In this study, the effects and underlying mechanisms of
NCX 4040, a
nitric oxide (NO)-donating
aspirin derivative, on the production of proinflammatory mediators were examined using murine macrophages exposed to
lipopolysaccharide (LPS) from Prevotella intermedia, a pathogen implicated in the etiology of
periodontal disease.
NCX 4040 significantly reduced P. intermedia LPS-induced production of inducible
NO synthase (iNOS)-derived NO, IL-1β and
IL-6 as well as their
mRNA expression in RAW264.7 cells.
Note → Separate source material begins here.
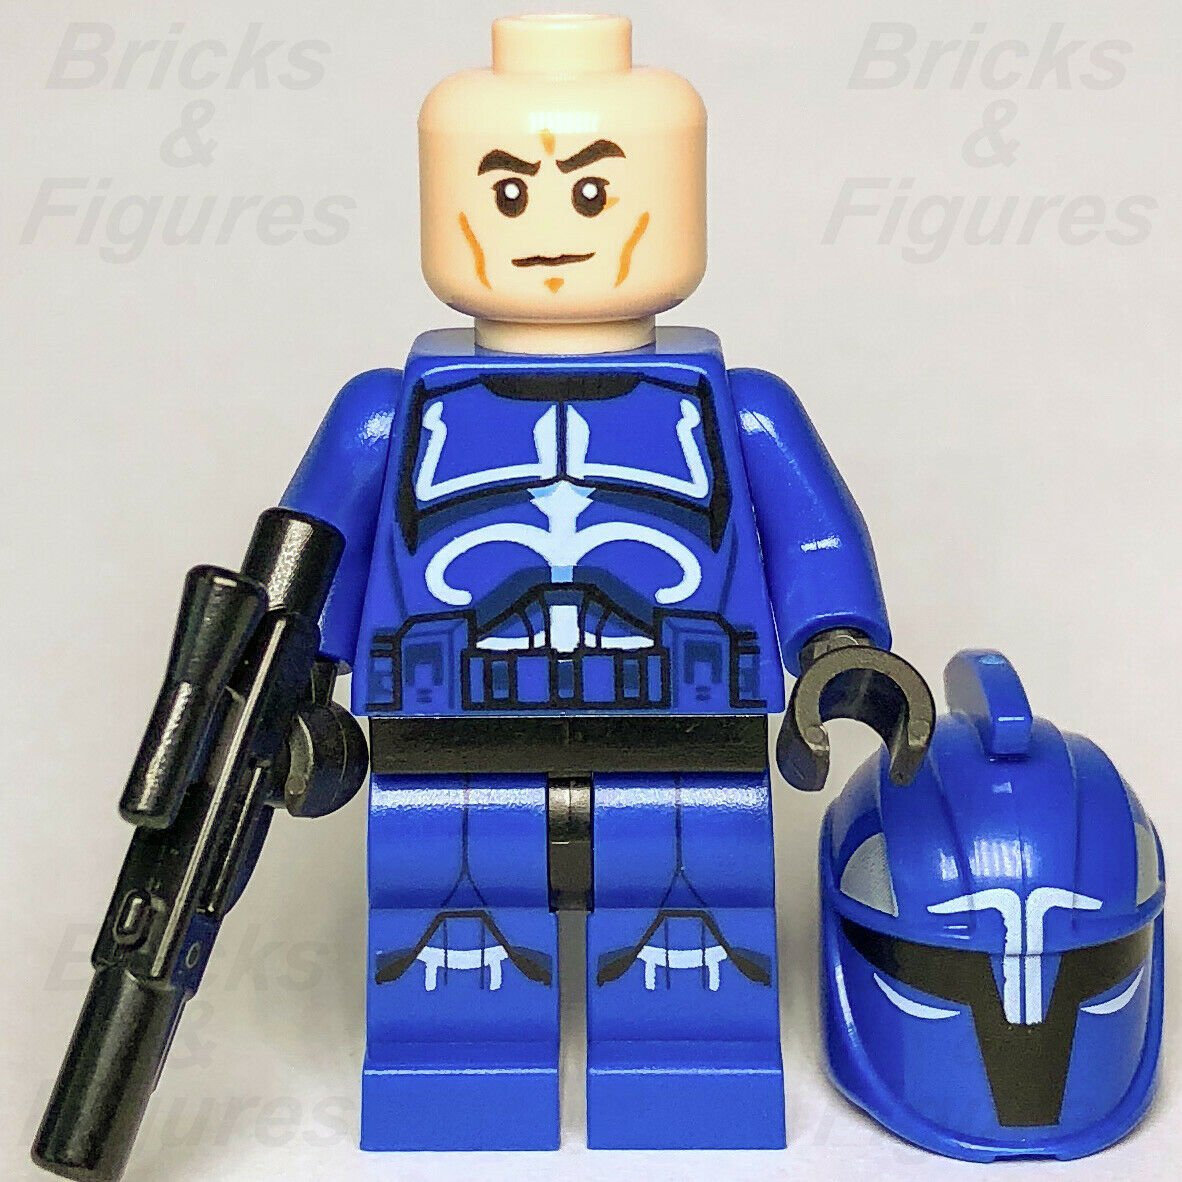 New Star Wars LEGO Senate Commando Captain Clone Wars Trooper Minifigure 75088 - Bricks & Figures

Notably,
NCX 4040 was much more effective than the parental compound
aspirin in reducing LPS-induced production of inflammatory mediators.
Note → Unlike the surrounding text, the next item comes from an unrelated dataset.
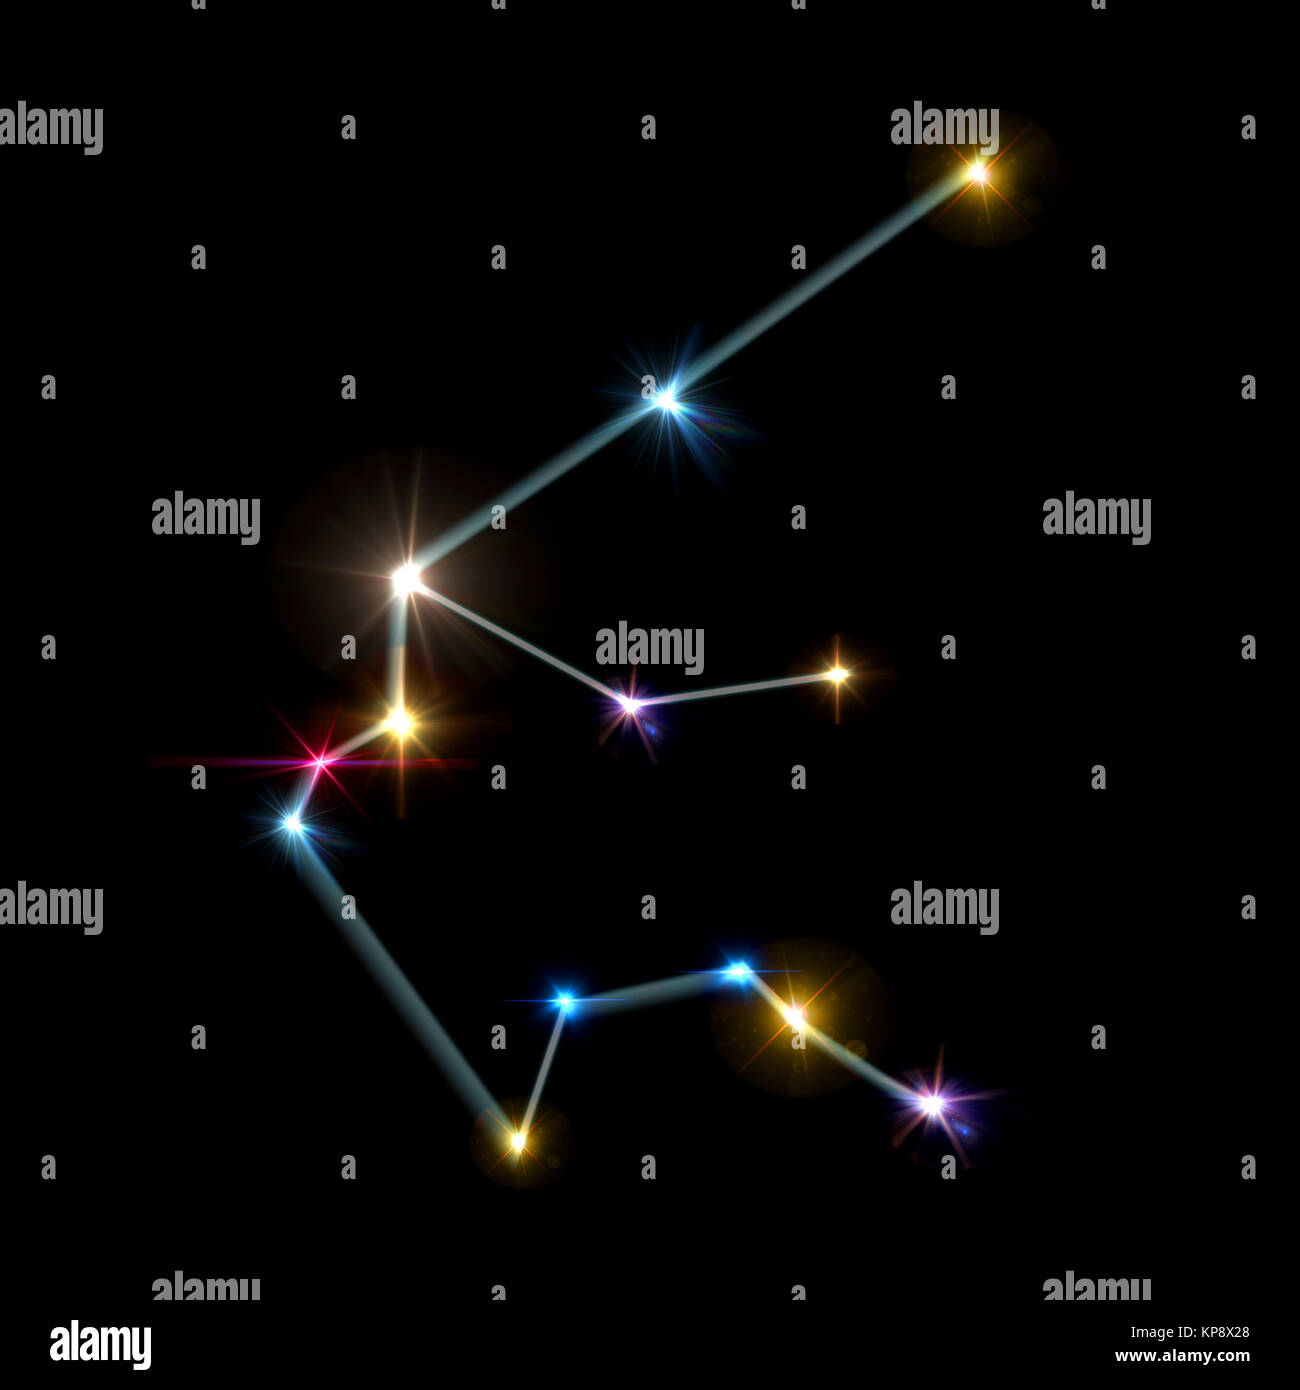 11 Aquarius Horoscopes with black background Stock Photo

NCX 4040 induced the expression of
heme oxygenase-1 (HO-1) in cells treated with P. intermedia LPS, and the suppressive effect of
NCX 4040 on LPS-induced NO production was significantly reversed by SnPP, a competitive HO-1 inhibitor.
NCX 4040 did not influence LPS-induced phosphorylation of JNK and p38. IκB-α degradation as well as nuclear translocation and
DNA-binding activities of NF-κB p65 and p50 subunits induced by P. intermedia LPS were significantly reduced by
NCX 4040. Besides, LPS-induced phosphorylation of STAT1 and STAT3 was significantly down-regulated by
NCX 4040. Further,
NCX 4040 elevated the SOCS1
mRNA in cells stimulated with LPS. This study indicates that
NCX 4040 inhibits P. intermedia LPS-induced production of NO, IL-1β and
IL-6 in murine macrophages through anti-inflammatory HO-1 induction and suppression of NF-κB, STAT1 and STAT3 activation, which is associated with the activation of SOCS1 signaling.
NCX 4040 could potentially be a promising tool in the treatment of
periodontal disease, although further studies are required to verify this.